One of the biggest problems with the way lists like this function is the way we often have to repeat something we said a lot earlier in the exchanges, and when there is a lot of it and followed by hundreds of other posts it just gets lost.

Near the start of the discussion I mentioned the fact that I had very mixed and complicated feelings regarding Dylan, both the man and the output, and I think I even said somewhere that I never put anybody on a pedestal, ever. The fact that culturally Dylan is on a pedestal has got nothing to do with me, but of course I will have opinions regarding that fact. So, what the hell are you talking about?

Regarding the 'ripping him out of his context'? Which context? Dylan it seems to me has always questioned and ripped himself out of 'contexts'. Are you saying that the tradition Dylan walked into is the only context that is important? And so much could be said about that so-called  'tradition' at the time anyway, the folk boom of the early 60's America, with its various colours and disparate roots, let alone the way it evolved in urban liberal coffee houses frequented mainly by young, white, radically political and culturally liberal middle class 'folk', that it is just meaningless to refer to Dylan as some sort of 'inheritor' of anything.

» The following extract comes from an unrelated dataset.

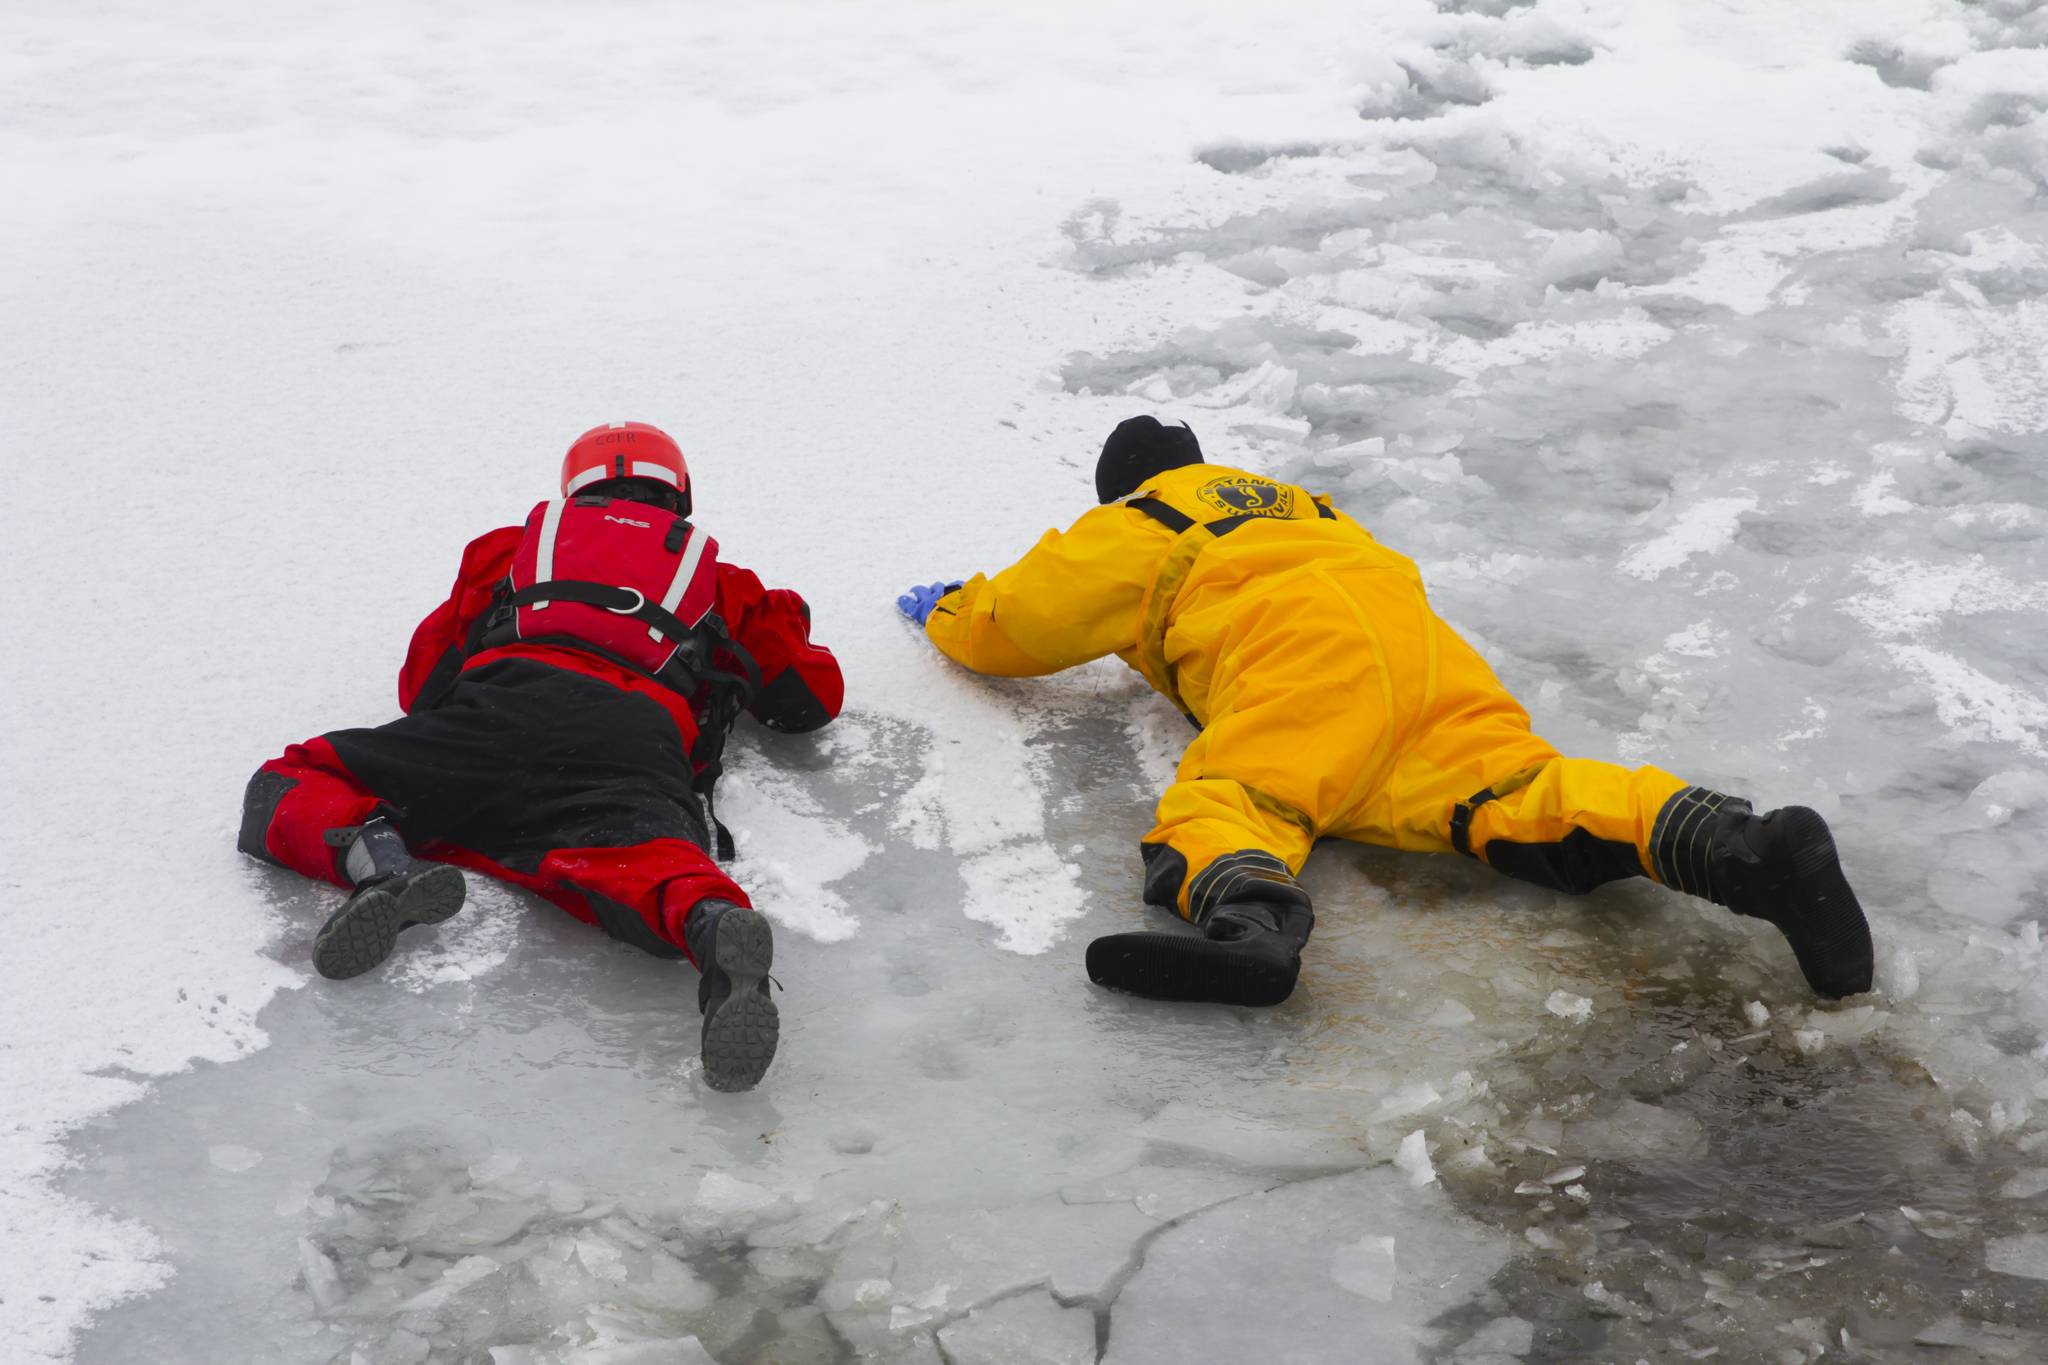 Capt. Jayme Johns, in yellow, head of the Capital City Fire/Rescue’s water rescue team, shows firefighter Liam Van Sickle, left, how to safely cross treacherous ice during CCFR’s annual ice rescue training at Twin Lakes on April 7, 2021. (Michael S. Lockett / Juneau Empire)

Where you are exactly coming from Robin, on this topic, needs clarification.

Cheers

Tim
  
On 29 Oct 2016, at 16:10, Robin Hamilton wrote:

> Deep down, we're probably seeing different Dylans.  When I look at him, I see (among other things) the inheritor of a particular tradition, the young Dylan sitting beside the aged Blind Willie McTell, both with their guitars, both singing the blues.  Sure, he extends the tradition, but he's still part of it, and I get the sense, perhaps unfairly, that you want to do to him what was done to Shakespeare, rip him out of his context and set him up on a pedestal as an object for Unique Adoration.